> TO DO:
The result should be the full listing copied exactly, with no pictures in it.

> DATA:
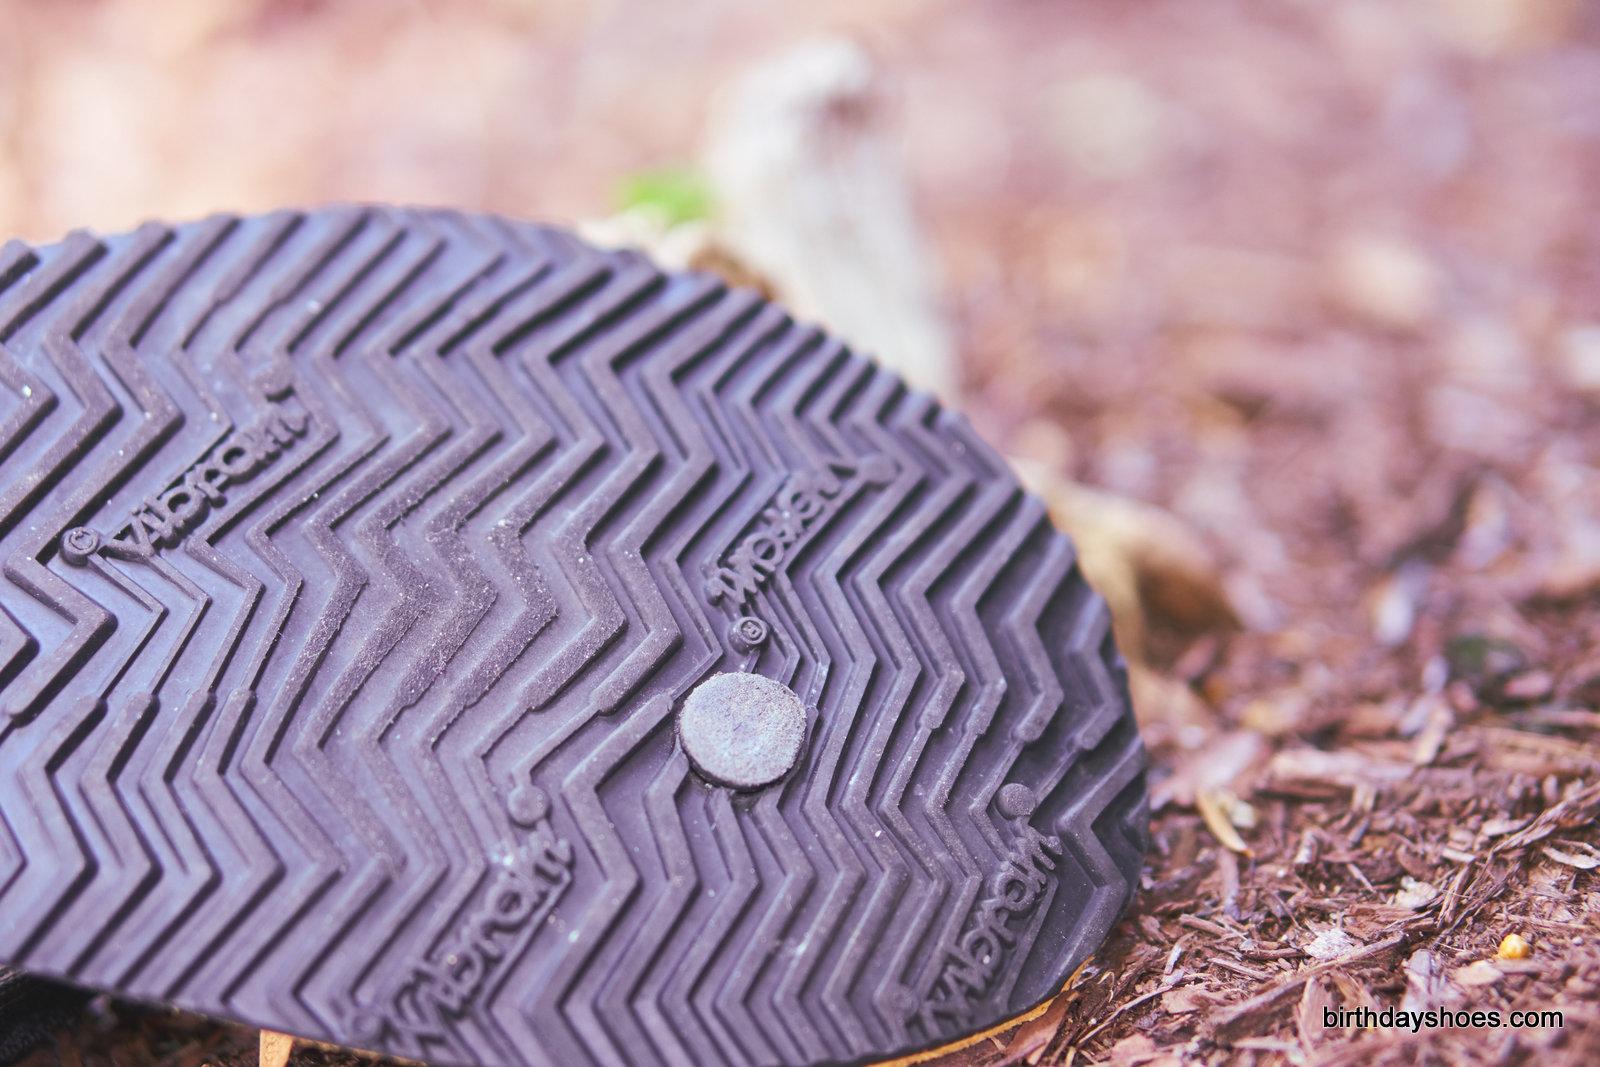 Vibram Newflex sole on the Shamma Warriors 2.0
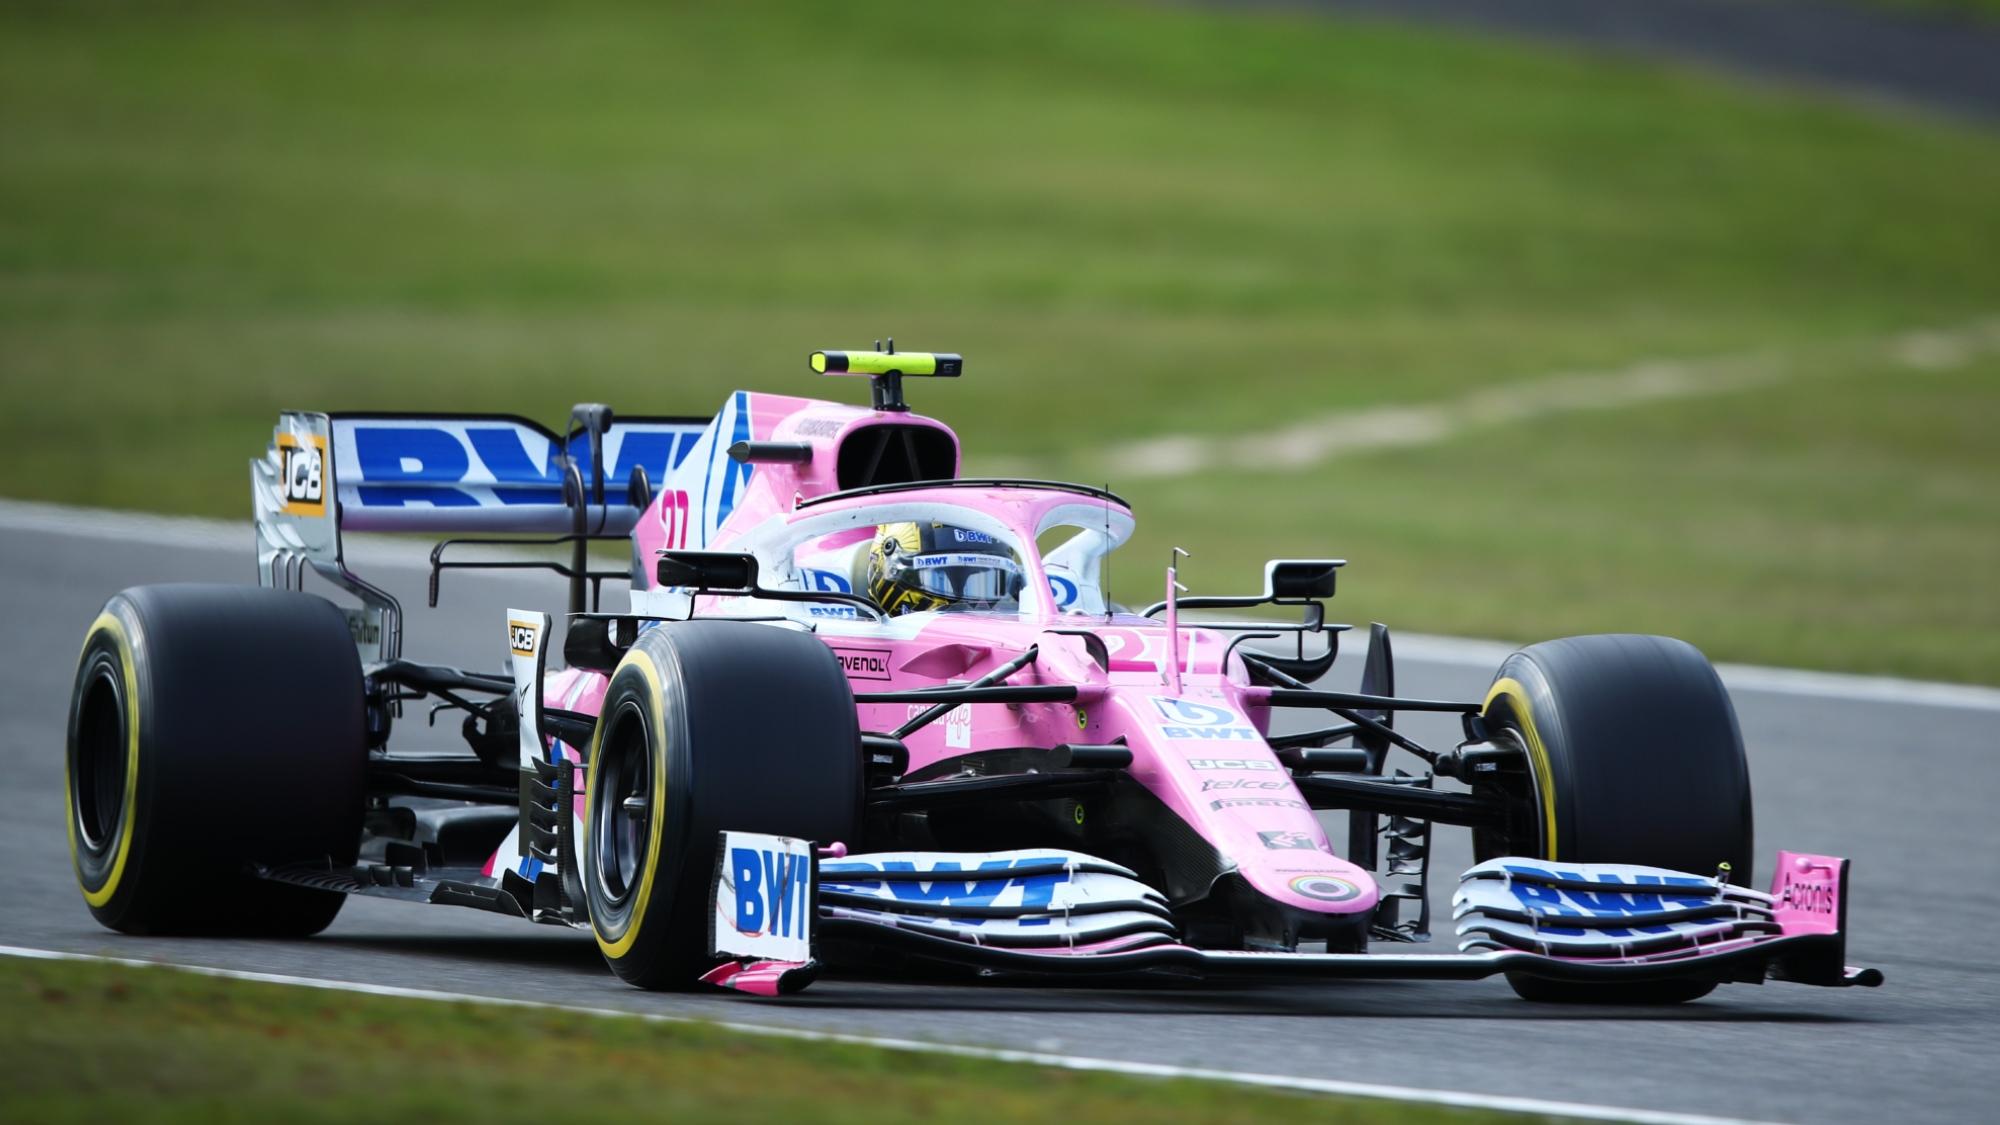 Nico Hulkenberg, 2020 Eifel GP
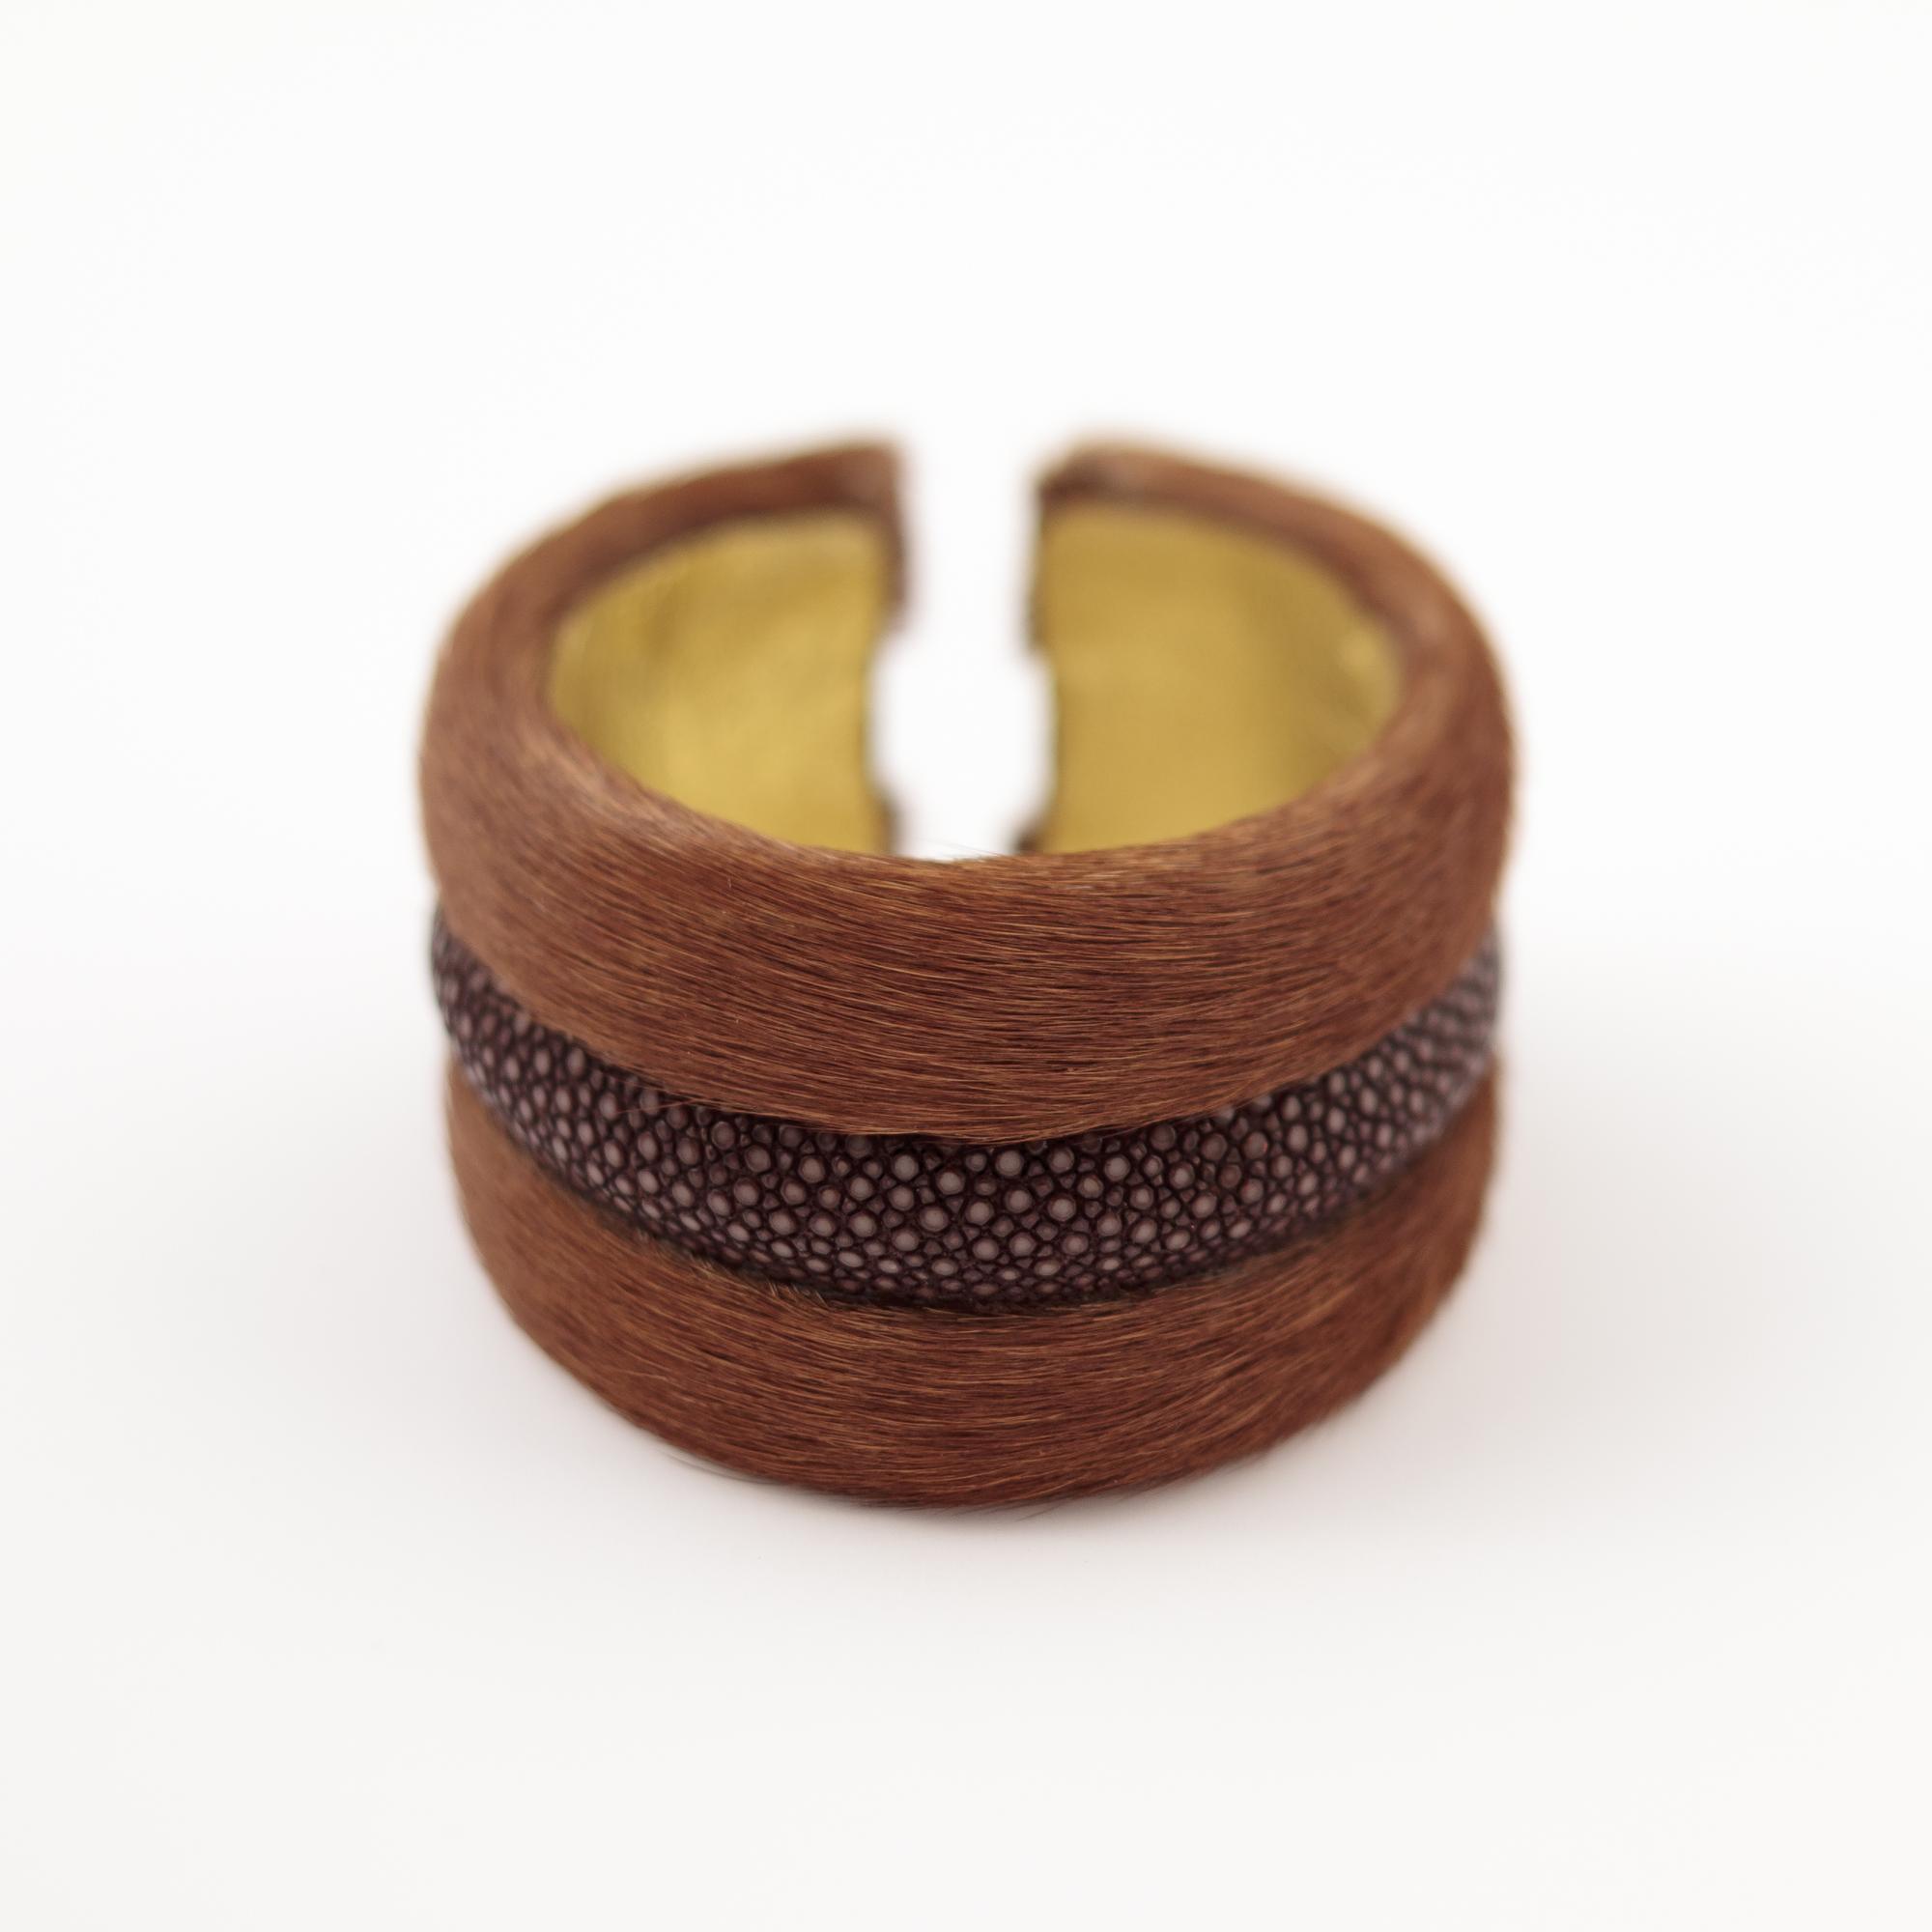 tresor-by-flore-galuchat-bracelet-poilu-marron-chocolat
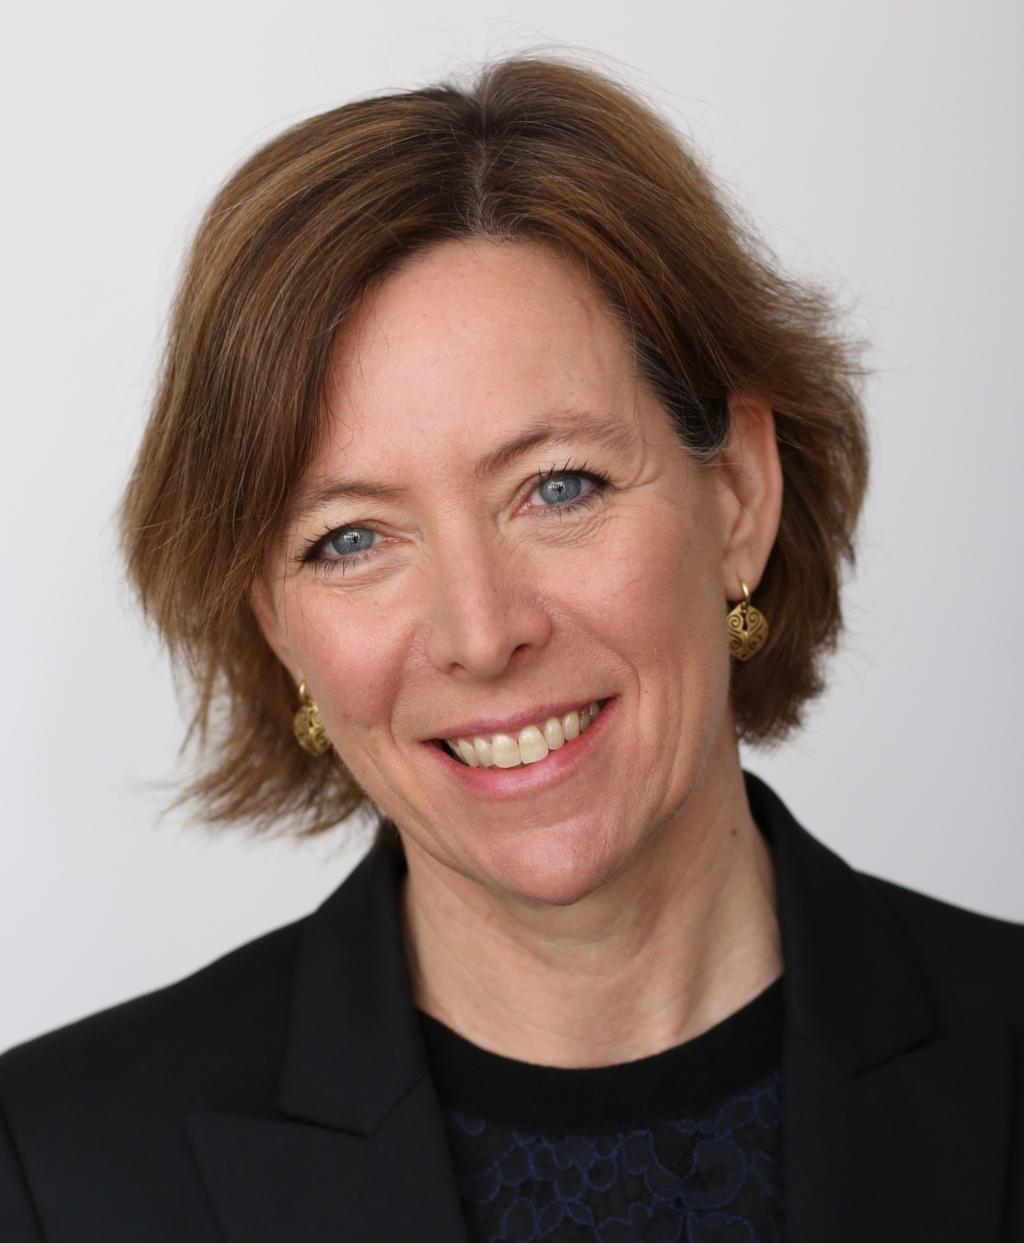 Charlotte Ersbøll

> ANSWER SPACE:
 Vibram Newflex sole on the Shamma Warriors 2.0
 Nico Hulkenberg, 2020 Eifel GP
 tresor-by-flore-galuchat-bracelet-poilu-marron-chocolat
 Charlotte Ersbøll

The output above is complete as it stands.